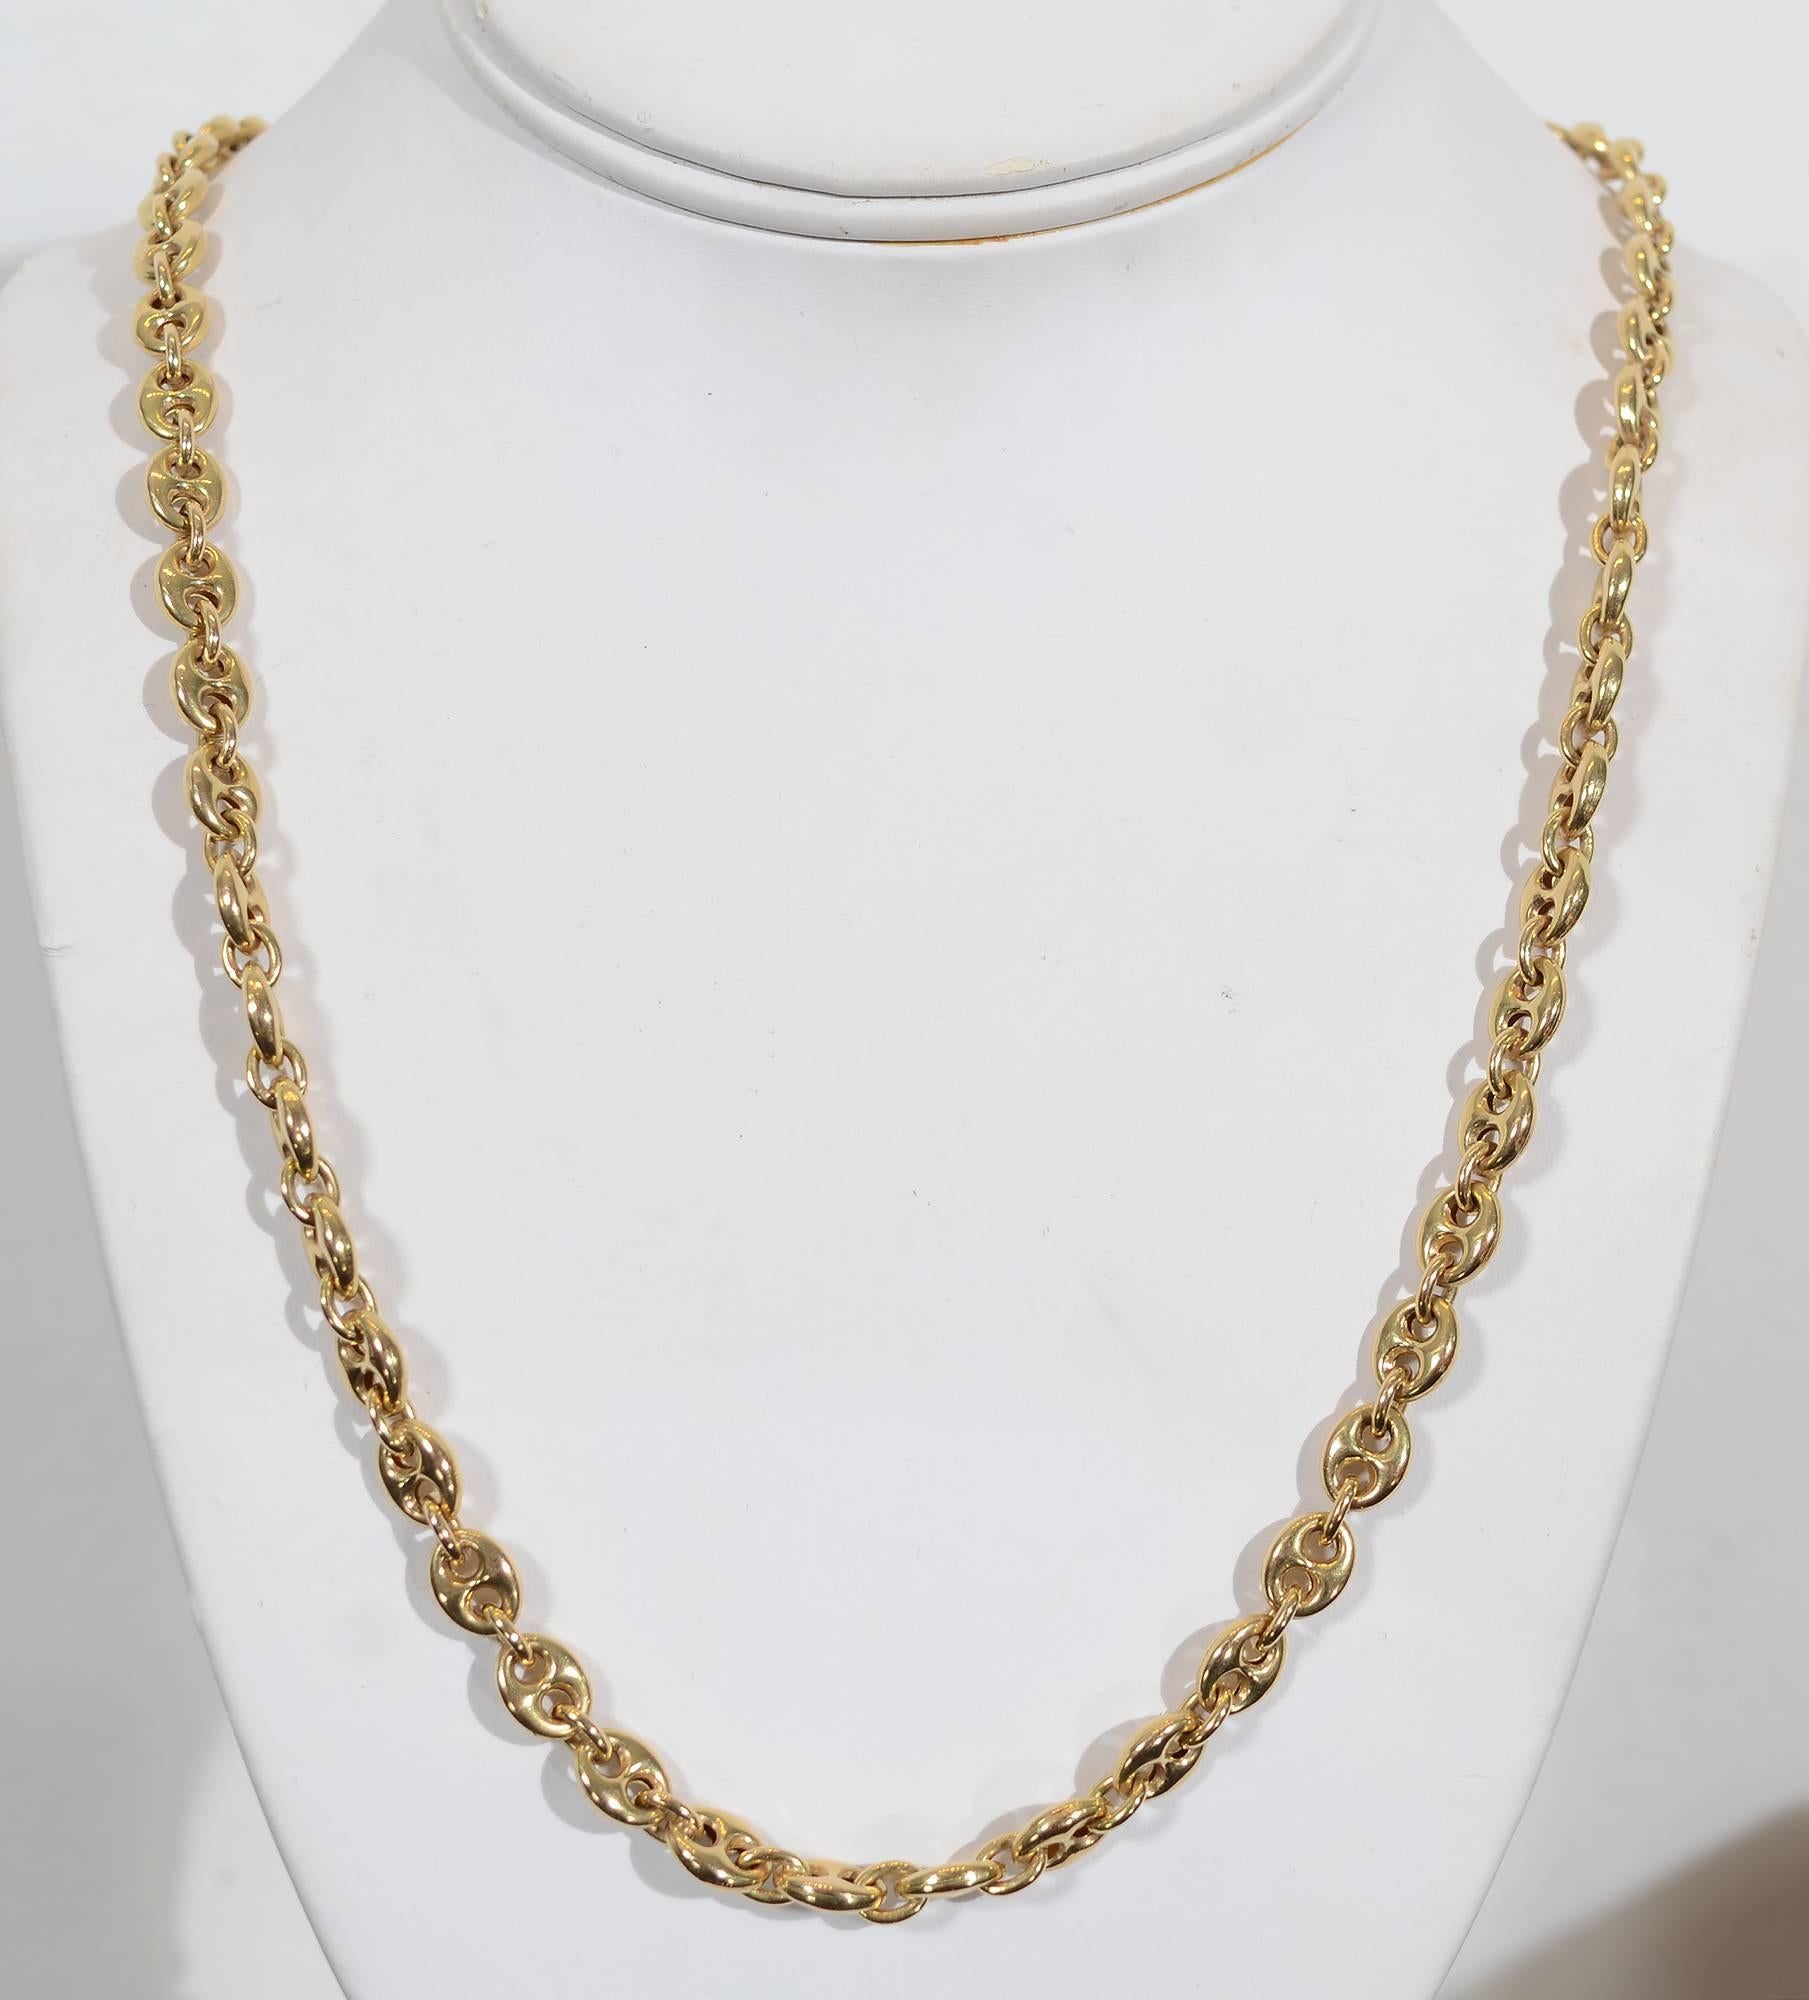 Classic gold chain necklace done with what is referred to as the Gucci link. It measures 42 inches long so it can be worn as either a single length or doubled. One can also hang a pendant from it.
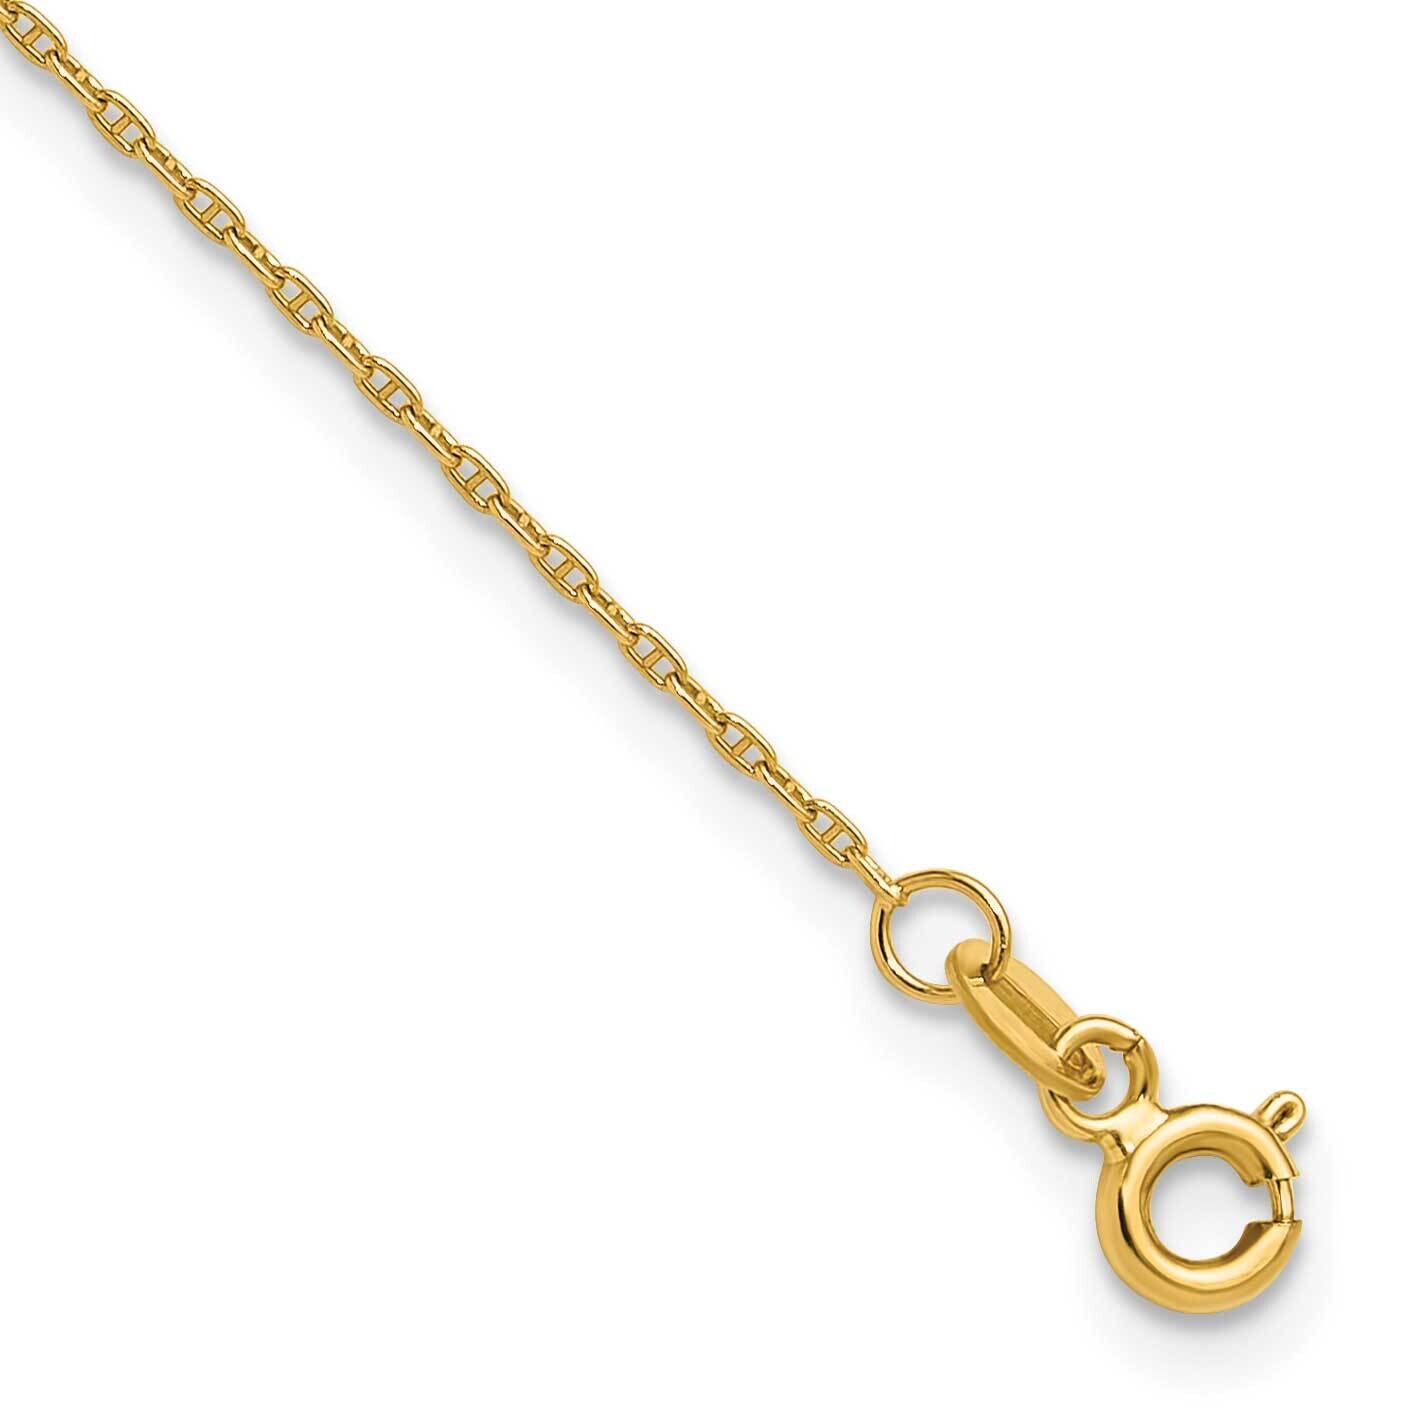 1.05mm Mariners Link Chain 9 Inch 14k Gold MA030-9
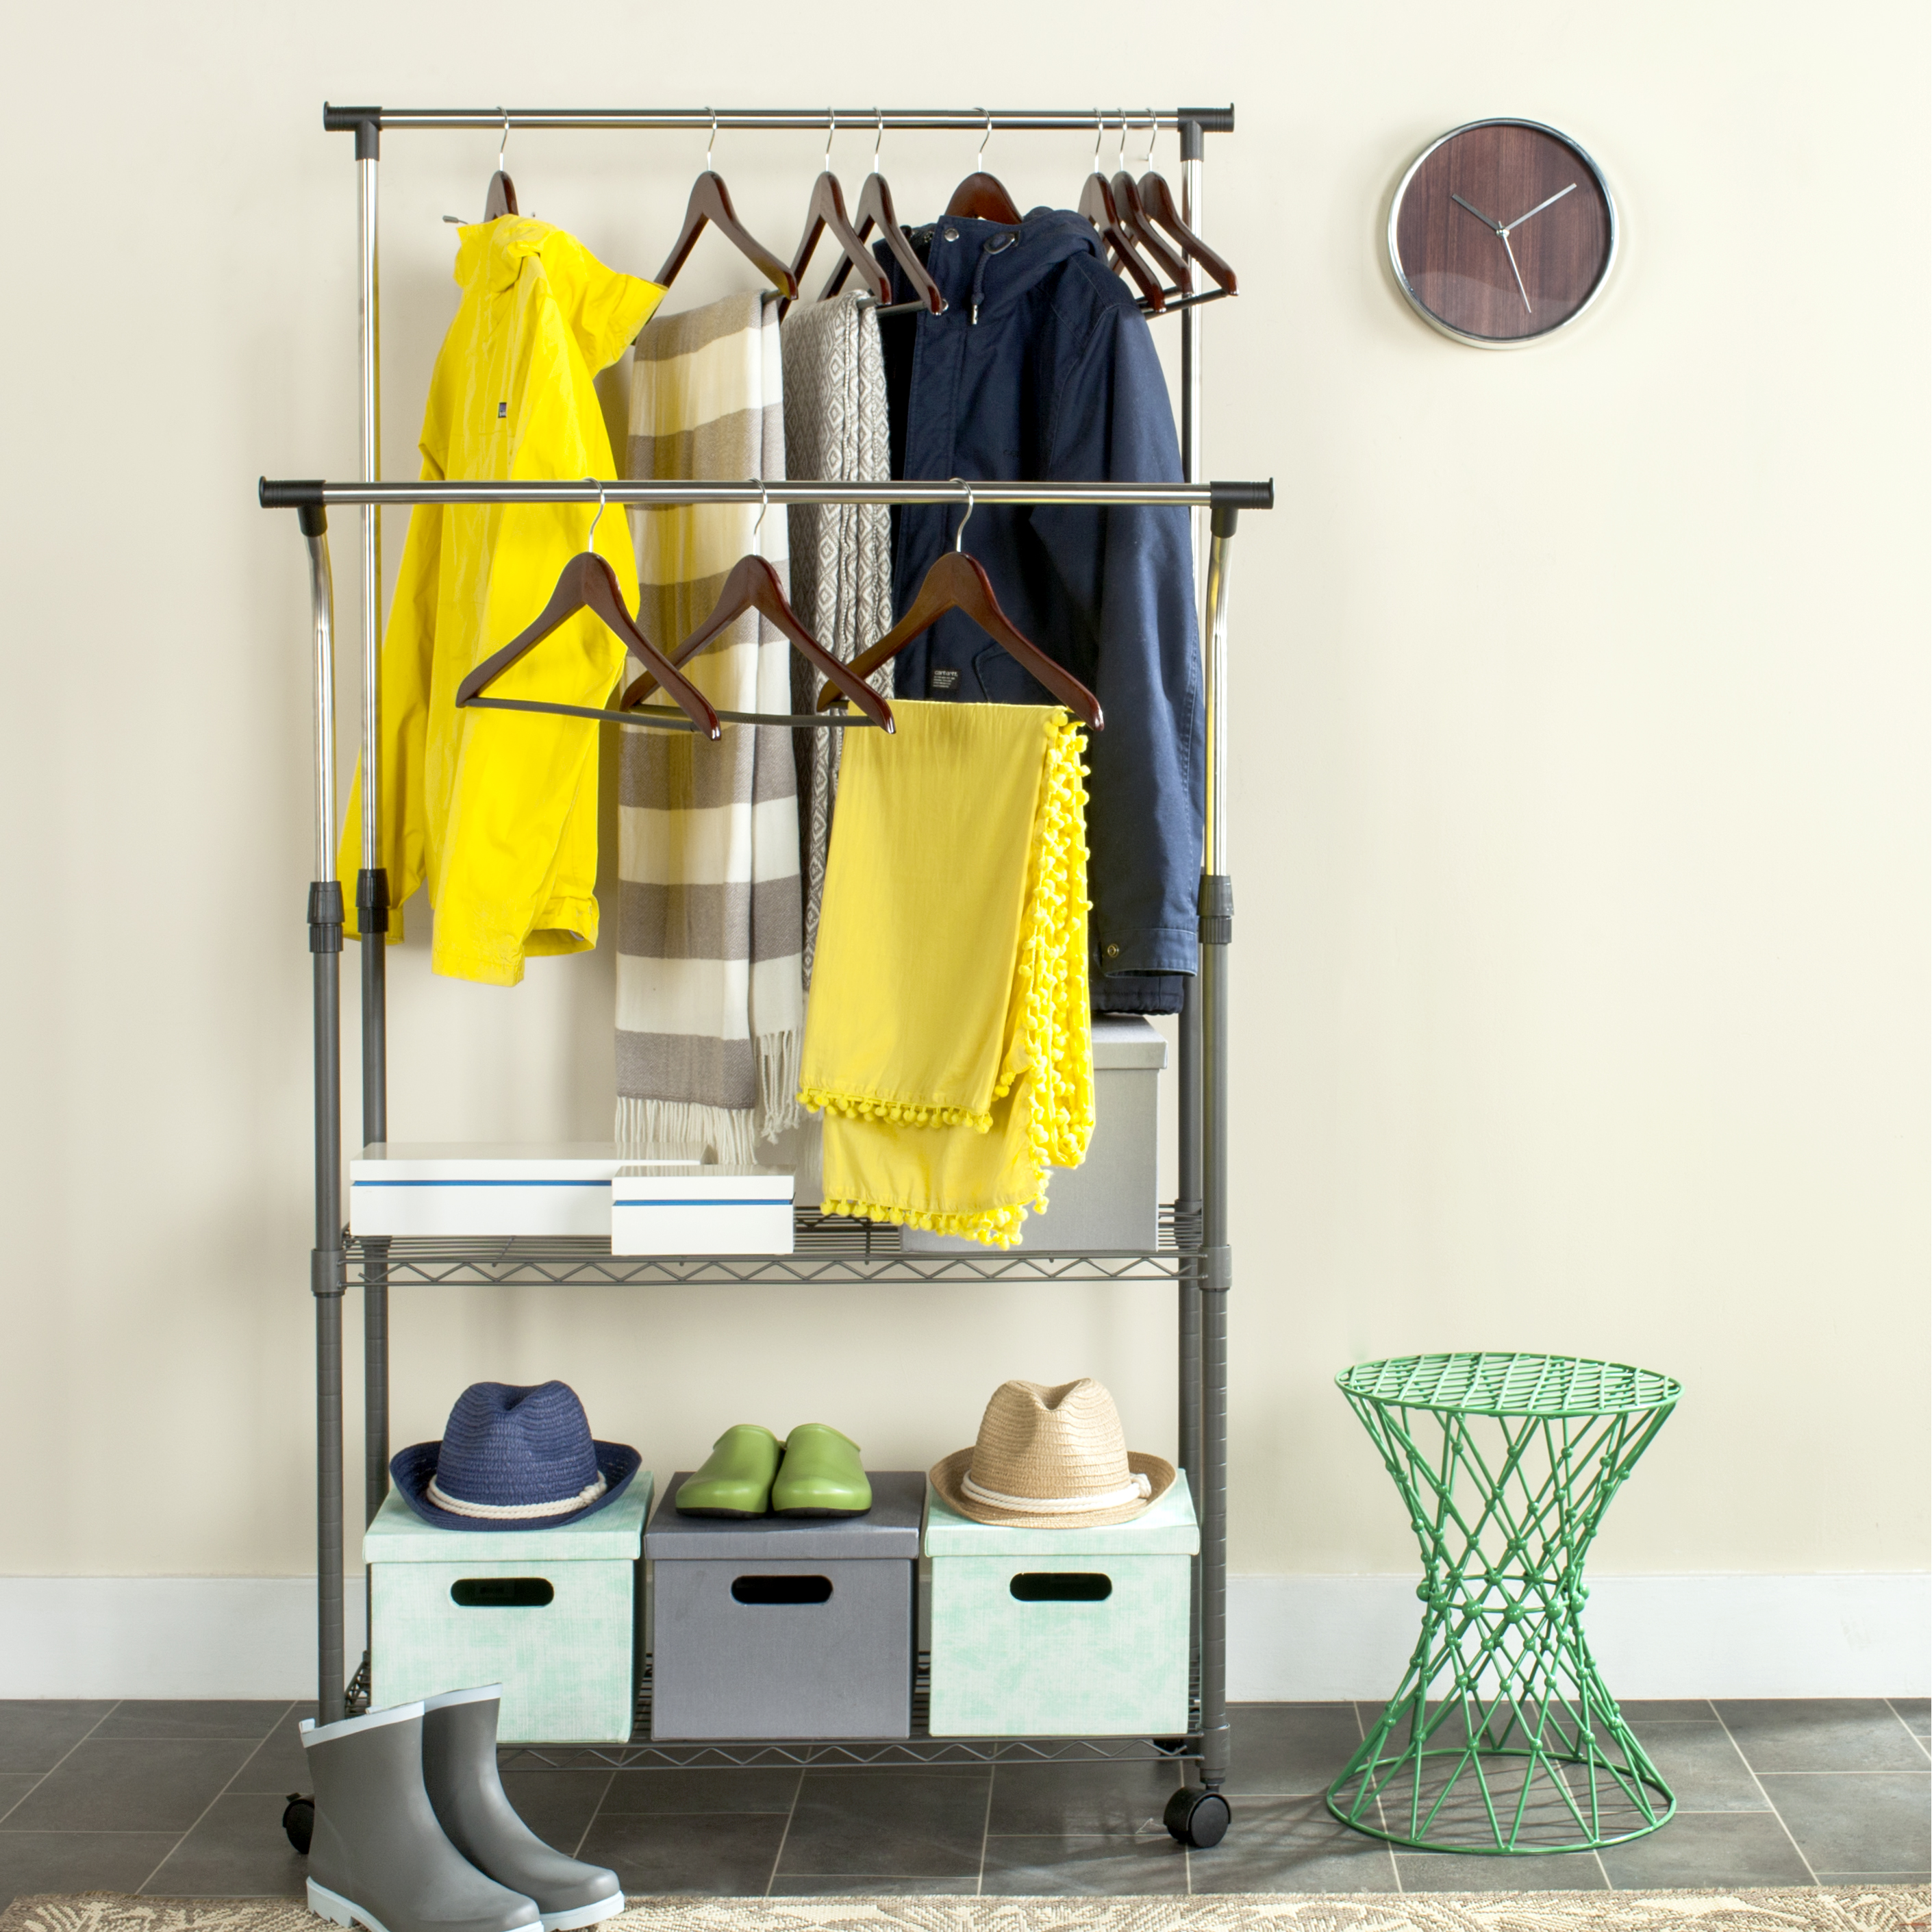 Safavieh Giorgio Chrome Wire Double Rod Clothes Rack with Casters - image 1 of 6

- **To do**: Omit pictures and output the listing exactly.

- **Output**:
 Classic gold chain necklace done with what is referred to as the Gucci link. It measures 42 inches long so it can be worn as either a single length or doubled. One can also hang a pendant from it.
 1.05mm Mariners Link Chain 9 Inch 14k Gold MA030-9
 Safavieh Giorgio Chrome Wire Double Rod Clothes Rack with Casters - image 1 of 6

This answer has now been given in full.